Kubernetes 节点弹性伸缩开源组件 Karpenter 实践：使用 Spot 实例进行成本优化

在之前的博客里我们介绍了Karpenter的基本概念和部署的详细步骤，在这个博客里我们会展开讨论如何利用Spot实例来进行进一步进行成本优化。

1.关于Spot实例

Spot实例是一种使用备用 EC2 容量的实例，以低于按需价格提供。由于Spot实例允许用户以极低的折扣请求未使用的 EC2 实例，这可能会显著降低用户的 Amazon EC2 成本。Spot实例的每小时价格称为 Spot 价格。每个可用区中的每种实例类型的 Spot 价格是由 Amazon EC2 设置的，并根据Spot实例的长期供求趋势逐步调整。只要容量可用，并且请求的每小时最高价超过 Spot 价格，Spot实例就会运行。如果 Amazon EC2 需要收回容量，或者 Spot 价格超过用户的请求的最高价，Amazon EC2 中断用户的Spot实例。

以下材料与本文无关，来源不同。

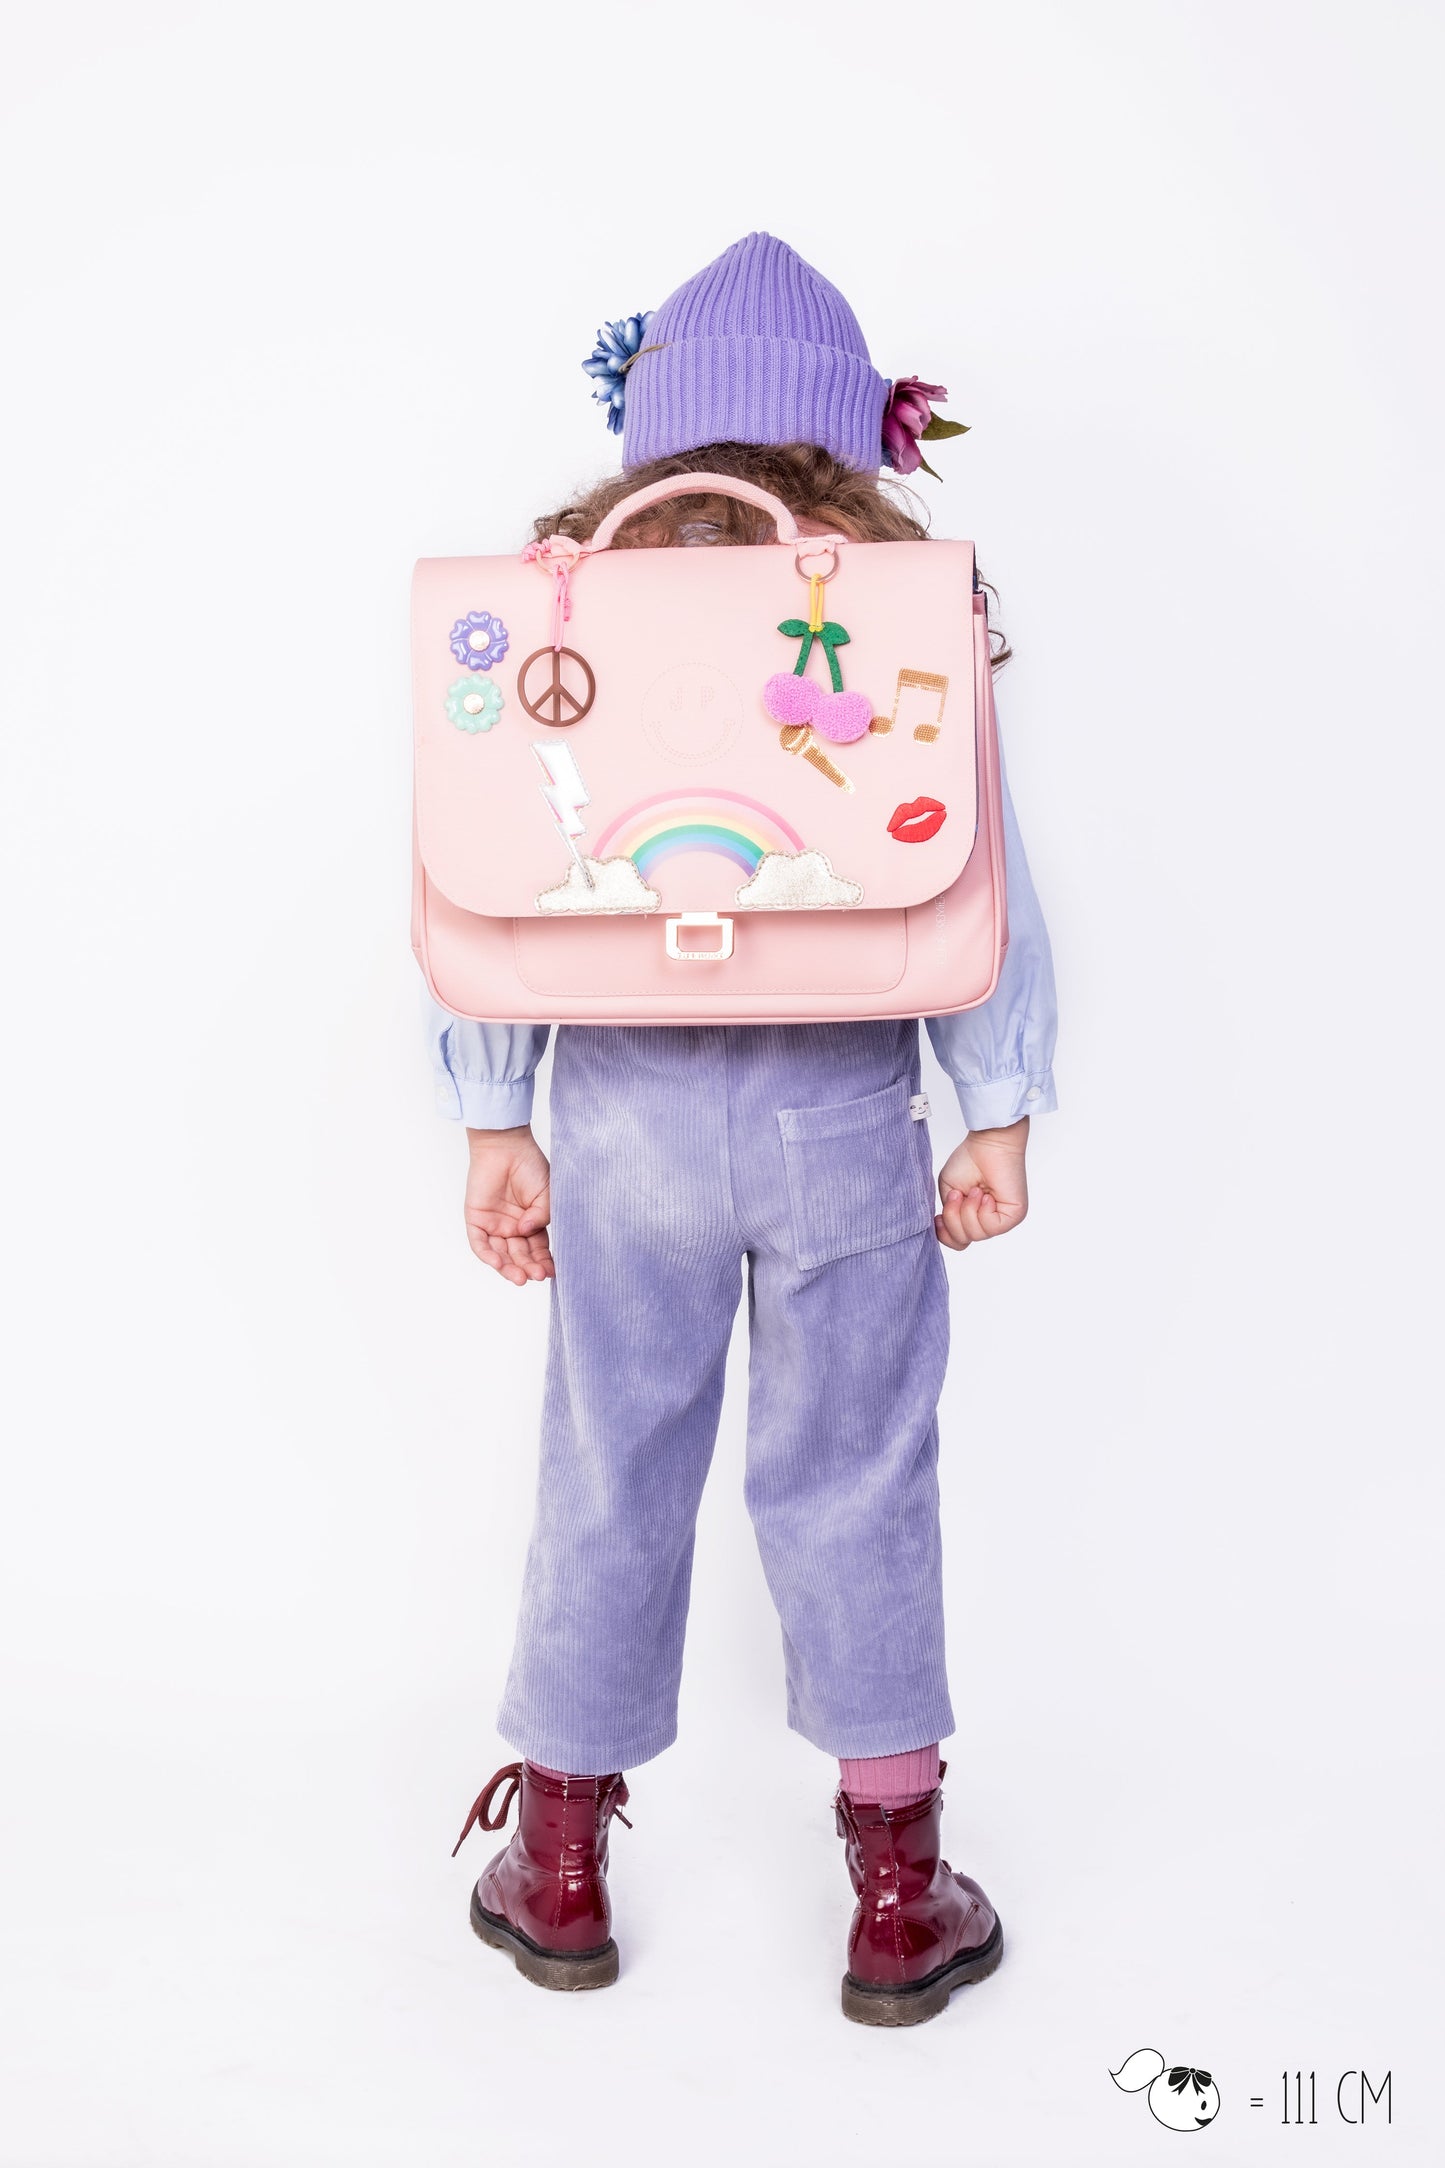 Jeune Premier It Bag Mini - Lady Gadget Pink Jeune Premier / Bags / It bag Mini

正常处理Spot实例中断的最佳方法是，设计应用程序以提供容错能力。为此，用户可以利用 EC2 实例rebalance recommendation和Spot实例interruption notification。其中，EC2 实例 rebalance recommendation 是一个新的信号，可在Spot实例处于较高的中断风险时通知用户。该信号可能比该两分钟的Spot实例interruption notification更早到达，从而让用户有机会主动管理Spot实例。

2.使用Karpenter管理Spot实例

接下来我们承接上一篇博客，继续以 Karpenter 0.6.3为例，介绍如何在Karpenter中进行Spot实例的管理。部署流程如下：

在上一篇博客中，我们设置了一个默认的On-demand Provisioner，并扩展了一个GPU推理应用程序。接下来我们修改启动实例类型为Spot和On-demand。

2.1 配置 Provisioner CRD

修改Provisioner属性

cat << EOF > provisioner.yaml
apiVersion: karpenter.sh/v1alpha5
kind: Provisioner
metadata:
 name: gpu
spec:
 requirements:
   - key: karpenter.sh/capacity-type
     operator: In
     values: ["spot","On-demand"] 
   - key: node.kubernetes.io/instance-type
     operator: In
     values: ["g4dn.xlarge", "g4dn.2xlarge"]
 taints:
   - key: nvidia.com/gpu
     effect: "NoSchedule"
 limits:
   resources:
     gpu: 100
 provider:
   subnetSelector:
     karpenter.sh/discovery: karpenter-cluster  
   securityGroupSelector:
     kubernetes.io/cluster/karpenter-cluster: owned  
 ttlSecondsAfterEmpty: 30
EOF

在上述 provisioner 的参数配置中，我们在 capacity-type 中配置了 Spot 和 On-demand 两种类型。在karpenter 选择资源时，会优先选择 Spot 实例类型，当 Spot 实例容量不足的时候，会尝试启动 On-demand 实例类型。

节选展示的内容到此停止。